> Prompt
Repeat each entry below exactly.
————
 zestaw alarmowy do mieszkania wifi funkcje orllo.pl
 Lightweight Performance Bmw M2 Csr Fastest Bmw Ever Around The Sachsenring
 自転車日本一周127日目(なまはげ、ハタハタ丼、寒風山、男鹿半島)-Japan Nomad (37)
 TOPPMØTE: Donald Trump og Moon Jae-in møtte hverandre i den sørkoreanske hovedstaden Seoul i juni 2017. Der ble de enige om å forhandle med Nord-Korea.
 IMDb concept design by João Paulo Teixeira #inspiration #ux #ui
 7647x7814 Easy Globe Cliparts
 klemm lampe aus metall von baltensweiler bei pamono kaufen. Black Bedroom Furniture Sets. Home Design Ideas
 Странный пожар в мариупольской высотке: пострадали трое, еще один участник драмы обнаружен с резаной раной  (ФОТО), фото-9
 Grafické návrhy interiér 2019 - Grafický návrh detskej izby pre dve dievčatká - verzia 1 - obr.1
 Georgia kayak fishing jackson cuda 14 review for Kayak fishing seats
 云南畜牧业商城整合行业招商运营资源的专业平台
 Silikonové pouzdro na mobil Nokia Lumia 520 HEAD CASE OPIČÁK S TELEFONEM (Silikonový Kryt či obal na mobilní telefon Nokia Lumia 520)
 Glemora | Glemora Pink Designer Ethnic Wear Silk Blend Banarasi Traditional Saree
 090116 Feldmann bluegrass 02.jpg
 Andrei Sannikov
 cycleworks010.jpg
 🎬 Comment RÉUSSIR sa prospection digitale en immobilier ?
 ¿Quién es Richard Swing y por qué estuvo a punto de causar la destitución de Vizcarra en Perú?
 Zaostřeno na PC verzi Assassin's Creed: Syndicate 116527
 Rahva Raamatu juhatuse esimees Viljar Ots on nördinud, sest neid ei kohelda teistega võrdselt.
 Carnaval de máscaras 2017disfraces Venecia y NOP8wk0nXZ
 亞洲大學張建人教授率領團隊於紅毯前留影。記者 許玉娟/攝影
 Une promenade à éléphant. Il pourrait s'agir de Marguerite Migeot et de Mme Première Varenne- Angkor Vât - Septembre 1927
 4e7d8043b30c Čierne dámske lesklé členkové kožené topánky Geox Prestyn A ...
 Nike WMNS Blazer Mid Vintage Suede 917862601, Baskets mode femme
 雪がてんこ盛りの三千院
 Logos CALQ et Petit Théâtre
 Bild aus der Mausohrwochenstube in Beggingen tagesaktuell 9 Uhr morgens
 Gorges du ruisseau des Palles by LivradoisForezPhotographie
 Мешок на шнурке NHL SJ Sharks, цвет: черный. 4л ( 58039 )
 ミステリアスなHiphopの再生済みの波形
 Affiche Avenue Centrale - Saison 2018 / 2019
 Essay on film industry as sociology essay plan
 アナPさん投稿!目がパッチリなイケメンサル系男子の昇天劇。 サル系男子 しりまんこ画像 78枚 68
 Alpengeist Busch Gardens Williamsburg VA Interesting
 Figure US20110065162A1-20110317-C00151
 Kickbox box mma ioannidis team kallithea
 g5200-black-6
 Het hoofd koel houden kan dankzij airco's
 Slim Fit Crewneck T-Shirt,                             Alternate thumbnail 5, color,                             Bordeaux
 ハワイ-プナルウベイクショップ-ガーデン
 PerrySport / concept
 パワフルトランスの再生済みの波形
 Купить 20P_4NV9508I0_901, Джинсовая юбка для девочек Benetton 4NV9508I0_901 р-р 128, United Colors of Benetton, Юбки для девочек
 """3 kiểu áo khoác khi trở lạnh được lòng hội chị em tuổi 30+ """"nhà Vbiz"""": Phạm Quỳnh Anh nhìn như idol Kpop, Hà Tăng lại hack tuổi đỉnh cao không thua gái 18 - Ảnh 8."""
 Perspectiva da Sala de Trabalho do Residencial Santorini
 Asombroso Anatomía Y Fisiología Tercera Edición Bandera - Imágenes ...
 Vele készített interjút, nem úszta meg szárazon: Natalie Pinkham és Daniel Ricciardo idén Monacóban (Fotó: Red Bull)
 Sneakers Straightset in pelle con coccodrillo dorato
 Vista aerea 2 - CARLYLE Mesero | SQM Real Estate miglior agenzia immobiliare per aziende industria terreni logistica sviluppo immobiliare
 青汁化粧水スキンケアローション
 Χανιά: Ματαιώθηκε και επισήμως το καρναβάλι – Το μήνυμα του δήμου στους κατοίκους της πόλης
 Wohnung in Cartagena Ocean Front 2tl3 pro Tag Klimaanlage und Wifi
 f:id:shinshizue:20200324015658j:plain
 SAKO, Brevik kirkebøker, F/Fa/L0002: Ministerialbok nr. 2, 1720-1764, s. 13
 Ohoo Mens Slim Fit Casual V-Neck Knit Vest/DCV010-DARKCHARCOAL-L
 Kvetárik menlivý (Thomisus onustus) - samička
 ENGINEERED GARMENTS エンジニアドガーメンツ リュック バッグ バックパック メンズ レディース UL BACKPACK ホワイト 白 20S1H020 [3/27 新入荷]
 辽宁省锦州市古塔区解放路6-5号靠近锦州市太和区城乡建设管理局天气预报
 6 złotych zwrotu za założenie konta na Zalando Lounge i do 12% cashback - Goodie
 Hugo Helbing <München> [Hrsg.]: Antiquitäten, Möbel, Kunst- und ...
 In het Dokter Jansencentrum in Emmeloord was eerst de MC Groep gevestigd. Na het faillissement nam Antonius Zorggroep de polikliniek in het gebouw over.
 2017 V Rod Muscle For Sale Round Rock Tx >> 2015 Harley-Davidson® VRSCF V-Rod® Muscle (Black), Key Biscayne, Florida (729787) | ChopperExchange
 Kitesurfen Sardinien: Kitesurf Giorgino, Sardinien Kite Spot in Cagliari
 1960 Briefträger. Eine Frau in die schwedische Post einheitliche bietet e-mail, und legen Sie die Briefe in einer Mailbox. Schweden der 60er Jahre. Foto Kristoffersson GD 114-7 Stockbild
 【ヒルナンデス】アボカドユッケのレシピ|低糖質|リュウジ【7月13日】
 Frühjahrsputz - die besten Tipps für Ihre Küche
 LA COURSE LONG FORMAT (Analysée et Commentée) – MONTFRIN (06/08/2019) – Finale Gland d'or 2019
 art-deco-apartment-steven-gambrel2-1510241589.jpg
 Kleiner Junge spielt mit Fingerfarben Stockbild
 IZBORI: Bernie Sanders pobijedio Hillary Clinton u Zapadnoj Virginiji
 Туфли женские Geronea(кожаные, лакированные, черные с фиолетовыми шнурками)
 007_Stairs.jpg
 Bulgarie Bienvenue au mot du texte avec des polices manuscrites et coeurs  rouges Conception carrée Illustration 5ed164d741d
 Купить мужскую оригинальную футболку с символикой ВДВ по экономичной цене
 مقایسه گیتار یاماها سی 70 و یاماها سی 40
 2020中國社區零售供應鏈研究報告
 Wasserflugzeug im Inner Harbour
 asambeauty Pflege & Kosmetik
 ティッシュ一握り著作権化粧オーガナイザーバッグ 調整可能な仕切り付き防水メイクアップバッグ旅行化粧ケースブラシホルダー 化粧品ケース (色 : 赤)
————
> Reply to the task
 zestaw alarmowy do mieszkania wifi funkcje orllo.pl
 Lightweight Performance Bmw M2 Csr Fastest Bmw Ever Around The Sachsenring
 自転車日本一周127日目(なまはげ、ハタハタ丼、寒風山、男鹿半島)-Japan Nomad (37)
 TOPPMØTE: Donald Trump og Moon Jae-in møtte hverandre i den sørkoreanske hovedstaden Seoul i juni 2017. Der ble de enige om å forhandle med Nord-Korea.
 IMDb concept design by João Paulo Teixeira #inspiration #ux #ui
 7647x7814 Easy Globe Cliparts
 klemm lampe aus metall von baltensweiler bei pamono kaufen. Black Bedroom Furniture Sets. Home Design Ideas
 Странный пожар в мариупольской высотке: пострадали трое, еще один участник драмы обнаружен с резаной раной  (ФОТО), фото-9
 Grafické návrhy interiér 2019 - Grafický návrh detskej izby pre dve dievčatká - verzia 1 - obr.1
 Georgia kayak fishing jackson cuda 14 review for Kayak fishing seats
 云南畜牧业商城整合行业招商运营资源的专业平台
 Silikonové pouzdro na mobil Nokia Lumia 520 HEAD CASE OPIČÁK S TELEFONEM (Silikonový Kryt či obal na mobilní telefon Nokia Lumia 520)
 Glemora | Glemora Pink Designer Ethnic Wear Silk Blend Banarasi Traditional Saree
 090116 Feldmann bluegrass 02.jpg
 Andrei Sannikov
 cycleworks010.jpg
 🎬 Comment RÉUSSIR sa prospection digitale en immobilier ?
 ¿Quién es Richard Swing y por qué estuvo a punto de causar la destitución de Vizcarra en Perú?
 Zaostřeno na PC verzi Assassin's Creed: Syndicate 116527
 Rahva Raamatu juhatuse esimees Viljar Ots on nördinud, sest neid ei kohelda teistega võrdselt.
 Carnaval de máscaras 2017disfraces Venecia y NOP8wk0nXZ
 亞洲大學張建人教授率領團隊於紅毯前留影。記者 許玉娟/攝影
 Une promenade à éléphant. Il pourrait s'agir de Marguerite Migeot et de Mme Première Varenne- Angkor Vât - Septembre 1927
 4e7d8043b30c Čierne dámske lesklé členkové kožené topánky Geox Prestyn A ...
 Nike WMNS Blazer Mid Vintage Suede 917862601, Baskets mode femme
 雪がてんこ盛りの三千院
 Logos CALQ et Petit Théâtre
 Bild aus der Mausohrwochenstube in Beggingen tagesaktuell 9 Uhr morgens
 Gorges du ruisseau des Palles by LivradoisForezPhotographie
 Мешок на шнурке NHL SJ Sharks, цвет: черный. 4л ( 58039 )
 ミステリアスなHiphopの再生済みの波形
 Affiche Avenue Centrale - Saison 2018 / 2019
 Essay on film industry as sociology essay plan
 アナPさん投稿!目がパッチリなイケメンサル系男子の昇天劇。 サル系男子 しりまんこ画像 78枚 68
 Alpengeist Busch Gardens Williamsburg VA Interesting
 Figure US20110065162A1-20110317-C00151
 Kickbox box mma ioannidis team kallithea
 g5200-black-6
 Het hoofd koel houden kan dankzij airco's
 Slim Fit Crewneck T-Shirt,                             Alternate thumbnail 5, color,                             Bordeaux
 ハワイ-プナルウベイクショップ-ガーデン
 PerrySport / concept
 パワフルトランスの再生済みの波形
 Купить 20P_4NV9508I0_901, Джинсовая юбка для девочек Benetton 4NV9508I0_901 р-р 128, United Colors of Benetton, Юбки для девочек
 """3 kiểu áo khoác khi trở lạnh được lòng hội chị em tuổi 30+ """"nhà Vbiz"""": Phạm Quỳnh Anh nhìn như idol Kpop, Hà Tăng lại hack tuổi đỉnh cao không thua gái 18 - Ảnh 8."""
 Perspectiva da Sala de Trabalho do Residencial Santorini
 Asombroso Anatomía Y Fisiología Tercera Edición Bandera - Imágenes ...
 Vele készített interjút, nem úszta meg szárazon: Natalie Pinkham és Daniel Ricciardo idén Monacóban (Fotó: Red Bull)
 Sneakers Straightset in pelle con coccodrillo dorato
 Vista aerea 2 - CARLYLE Mesero | SQM Real Estate miglior agenzia immobiliare per aziende industria terreni logistica sviluppo immobiliare
 青汁化粧水スキンケアローション
 Χανιά: Ματαιώθηκε και επισήμως το καρναβάλι – Το μήνυμα του δήμου στους κατοίκους της πόλης
 Wohnung in Cartagena Ocean Front 2tl3 pro Tag Klimaanlage und Wifi
 f:id:shinshizue:20200324015658j:plain
 SAKO, Brevik kirkebøker, F/Fa/L0002: Ministerialbok nr. 2, 1720-1764, s. 13
 Ohoo Mens Slim Fit Casual V-Neck Knit Vest/DCV010-DARKCHARCOAL-L
 Kvetárik menlivý (Thomisus onustus) - samička
 ENGINEERED GARMENTS エンジニアドガーメンツ リュック バッグ バックパック メンズ レディース UL BACKPACK ホワイト 白 20S1H020 [3/27 新入荷]
 辽宁省锦州市古塔区解放路6-5号靠近锦州市太和区城乡建设管理局天气预报
 6 złotych zwrotu za założenie konta na Zalando Lounge i do 12% cashback - Goodie
 Hugo Helbing <München> [Hrsg.]: Antiquitäten, Möbel, Kunst- und ...
 In het Dokter Jansencentrum in Emmeloord was eerst de MC Groep gevestigd. Na het faillissement nam Antonius Zorggroep de polikliniek in het gebouw over.
 2017 V Rod Muscle For Sale Round Rock Tx >> 2015 Harley-Davidson® VRSCF V-Rod® Muscle (Black), Key Biscayne, Florida (729787) | ChopperExchange
 Kitesurfen Sardinien: Kitesurf Giorgino, Sardinien Kite Spot in Cagliari
 1960 Briefträger. Eine Frau in die schwedische Post einheitliche bietet e-mail, und legen Sie die Briefe in einer Mailbox. Schweden der 60er Jahre. Foto Kristoffersson GD 114-7 Stockbild
 【ヒルナンデス】アボカドユッケのレシピ|低糖質|リュウジ【7月13日】
 Frühjahrsputz - die besten Tipps für Ihre Küche
 LA COURSE LONG FORMAT (Analysée et Commentée) – MONTFRIN (06/08/2019) – Finale Gland d'or 2019
 art-deco-apartment-steven-gambrel2-1510241589.jpg
 Kleiner Junge spielt mit Fingerfarben Stockbild
 IZBORI: Bernie Sanders pobijedio Hillary Clinton u Zapadnoj Virginiji
 Туфли женские Geronea(кожаные, лакированные, черные с фиолетовыми шнурками)
 007_Stairs.jpg
 Bulgarie Bienvenue au mot du texte avec des polices manuscrites et coeurs  rouges Conception carrée Illustration 5ed164d741d
 Купить мужскую оригинальную футболку с символикой ВДВ по экономичной цене
 مقایسه گیتار یاماها سی 70 و یاماها سی 40
 2020中國社區零售供應鏈研究報告
 Wasserflugzeug im Inner Harbour
 asambeauty Pflege & Kosmetik
 ティッシュ一握り著作権化粧オーガナイザーバッグ 調整可能な仕切り付き防水メイクアップバッグ旅行化粧ケースブラシホルダー 化粧品ケース (色 : 赤)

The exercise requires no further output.